WORK INSTRUCTIONS
Once the line containing "Retratada aquí es" is found in the entries below, restate it and each following line word for word, stopping after the line containing "YG Sport Игровой".

DATA EXCERPTS
....

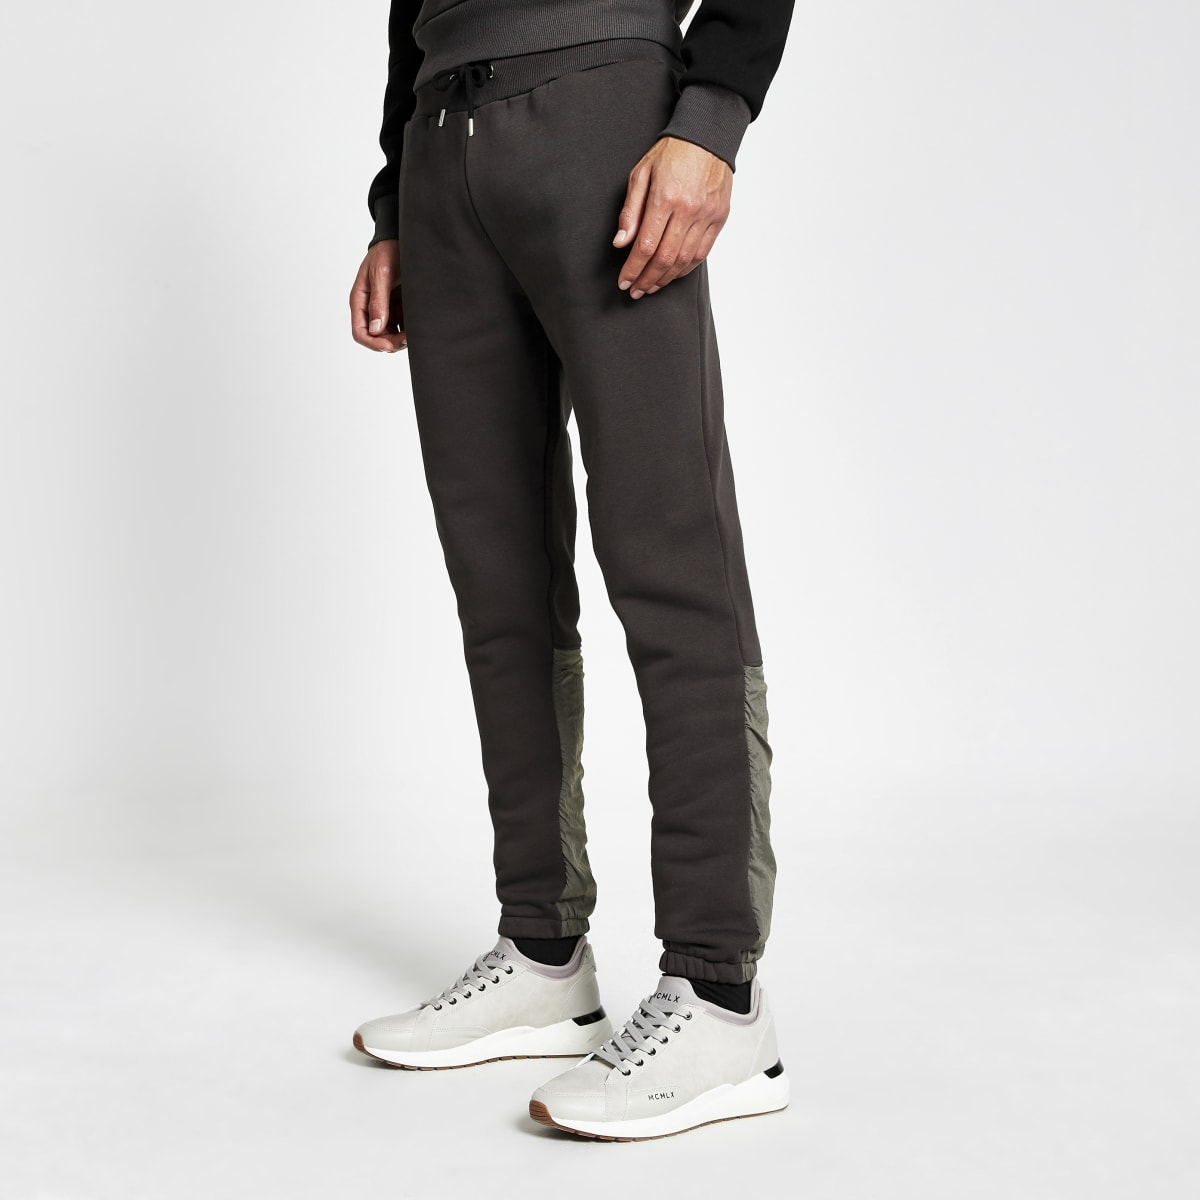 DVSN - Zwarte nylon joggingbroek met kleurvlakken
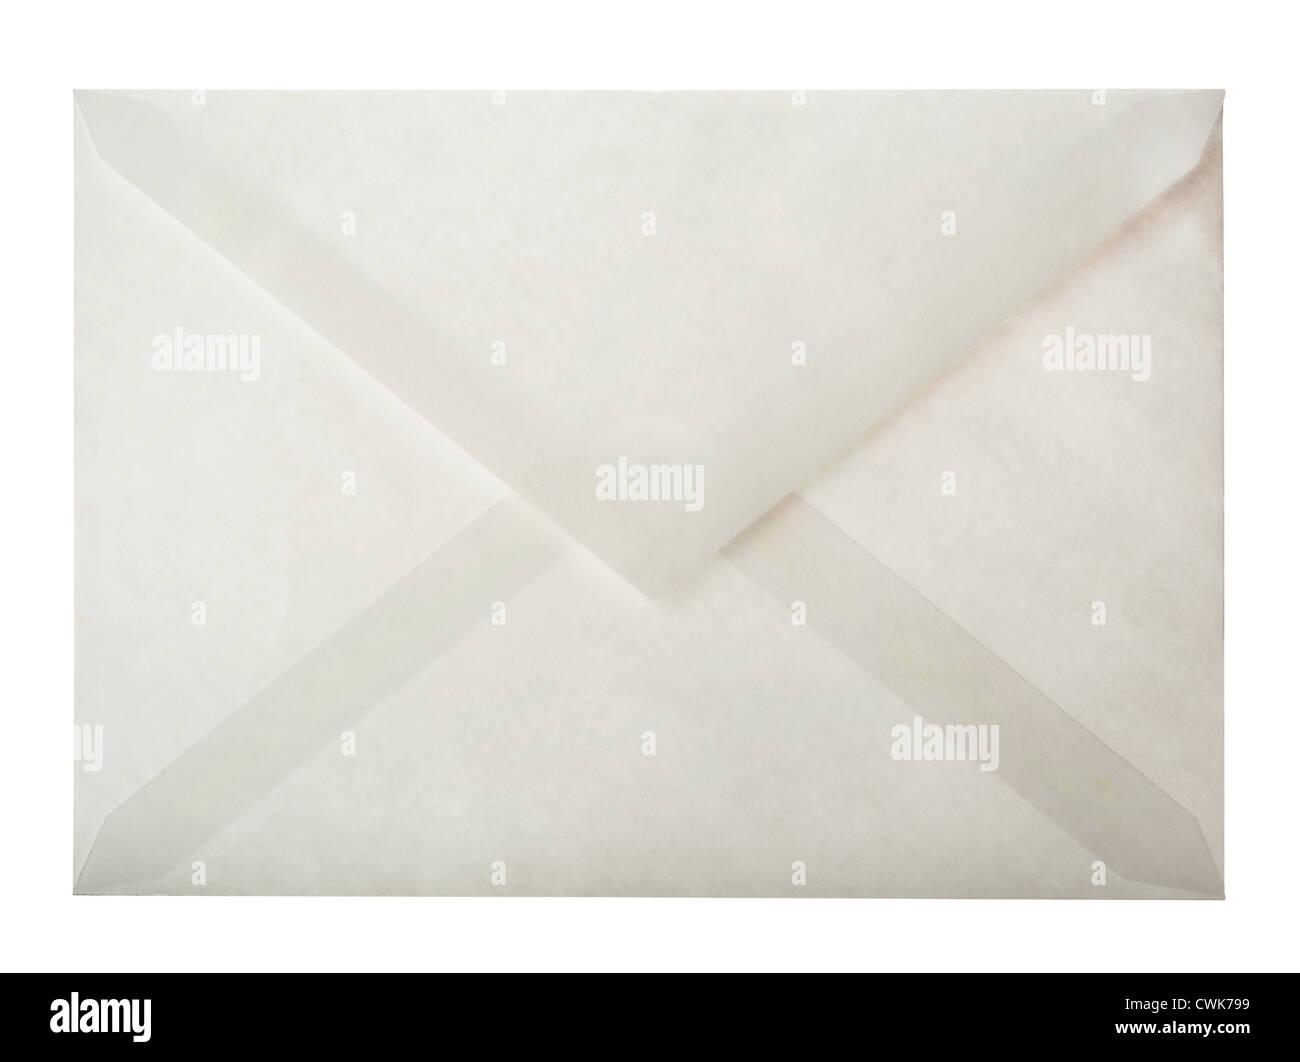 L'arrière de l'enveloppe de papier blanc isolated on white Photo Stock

....

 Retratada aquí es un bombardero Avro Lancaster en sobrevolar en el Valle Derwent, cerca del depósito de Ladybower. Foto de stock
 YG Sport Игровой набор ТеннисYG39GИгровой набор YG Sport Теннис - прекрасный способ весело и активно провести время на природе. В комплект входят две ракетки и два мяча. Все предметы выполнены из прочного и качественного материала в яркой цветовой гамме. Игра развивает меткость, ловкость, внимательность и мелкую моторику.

....

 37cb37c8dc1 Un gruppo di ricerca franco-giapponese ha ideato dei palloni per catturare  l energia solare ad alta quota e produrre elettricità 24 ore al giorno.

....

ANSWER SECTION
 Retratada aquí es un bombardero Avro Lancaster en sobrevolar en el Valle Derwent, cerca del depósito de Ladybower. Foto de stock
 YG Sport Игровой набор ТеннисYG39GИгровой набор YG Sport Теннис - прекрасный способ весело и активно провести время на природе. В комплект входят две ракетки и два мяча. Все предметы выполнены из прочного и качественного материала в яркой цветовой гамме. Игра развивает меткость, ловкость, внимательность и мелкую моторику.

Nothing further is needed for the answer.